Thursday 6 August 2009

Obama Urges North Korea Denuclearisation

US President Barack Obama has urged North Korea to give up developing nuclear weapons if the country wants better relations with the United States, the BBC reports.

Hours after former US President Bill Clinton had secured the release of the two journalists from Pyongyang, Obama made a speech and said North Korea should not engage “in provocative behaviour”.

In an interview with US TV network MSNBC, the President also said: “We have said to the North Koreans there’s a path for improved relations and it involves them no longer developing nuclear weapons.”

“We just want to make sure the government of North Korea is operating within the basic rules of the international community,” Obama added.

Daniel Sandford, the BBC correspondent in Washington says it appears the two US reporters were used fairly cynically by Pyongyang as pawns in a diplomatic game.

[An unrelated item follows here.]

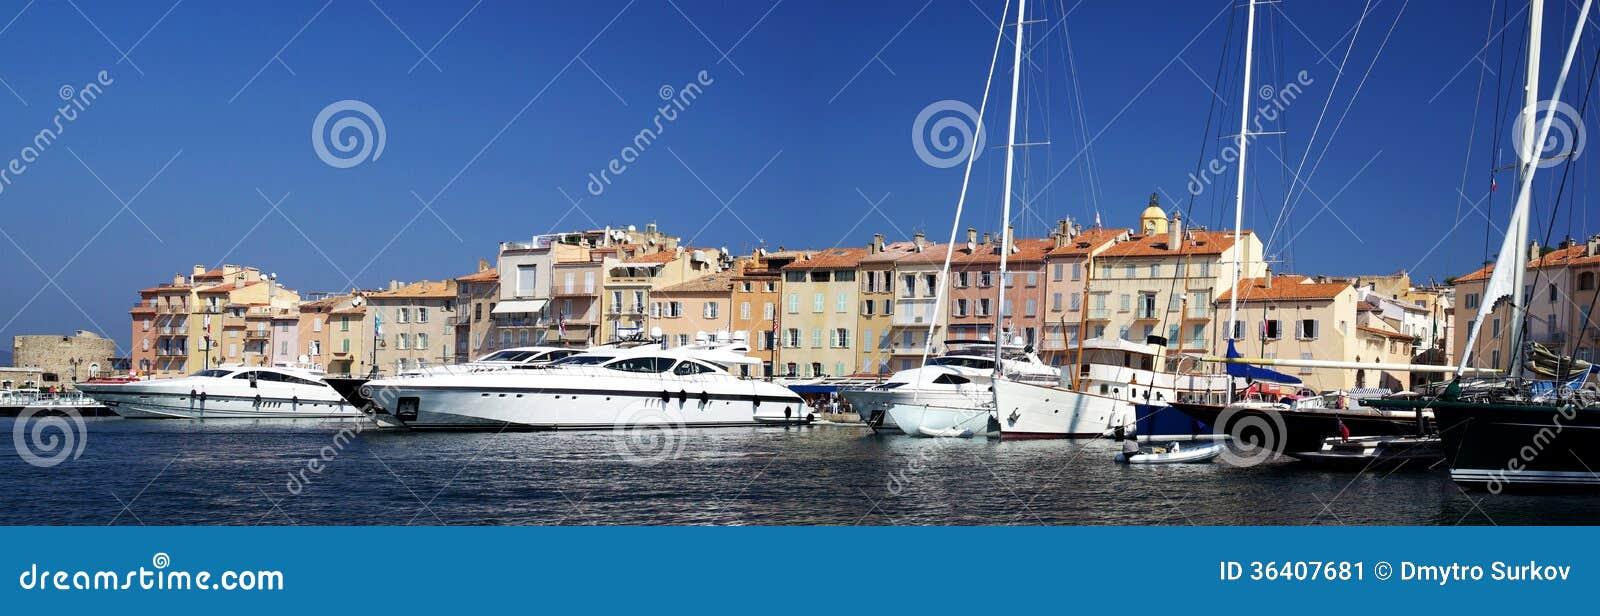 Гавань St Tropez

Tensions between the US and North Korea have risen in recent months, as the BBC reports, Pyongyang dropped out of six-party talks on its nuclear ambitions after the UN censured a long-range missile test in April.

Since then the North has also conducted an underground nuclear test and further missile tests, provoking new UN Security Council sanctions.

The two reporters were arrested by North Korea guards in March while filming a video about North Korea refugees for Current TV, The Daily Telegraph reports.

Ms Ling, speaking on behalf of the other journalist arrested with her, said both of them were surprised when they were taken to a meeting and found out Mr Clinton standing there in from of them.

“We were shocked. But we knew instantly in our hearts that the nightmare of our lives was finally coming to an end,” She said.

Mr Clinton’s unannounced visit to Pyongyang had been described as a private mission but a White House official later confirmed that North Korea had asked him to visit.

A senior US official said President Obama had been aware of the mission from its early stages and that US allies involved in the six-party talks over North Korea’s nuclear programme were also informed.

US officials earlier said the North Korean government had agreed in advance that Mr Clinton’s mission would not touch on the question of its nuclear programme.

The reporters now finally will have some “peace and quite” with their family, as they had suffered more than 100 days of nightmare.

The special pardon for the arrested journalists from the North Korea leader Kim Jong-il was described as a signal as the country’s “humanitarian and peace-loving policy”.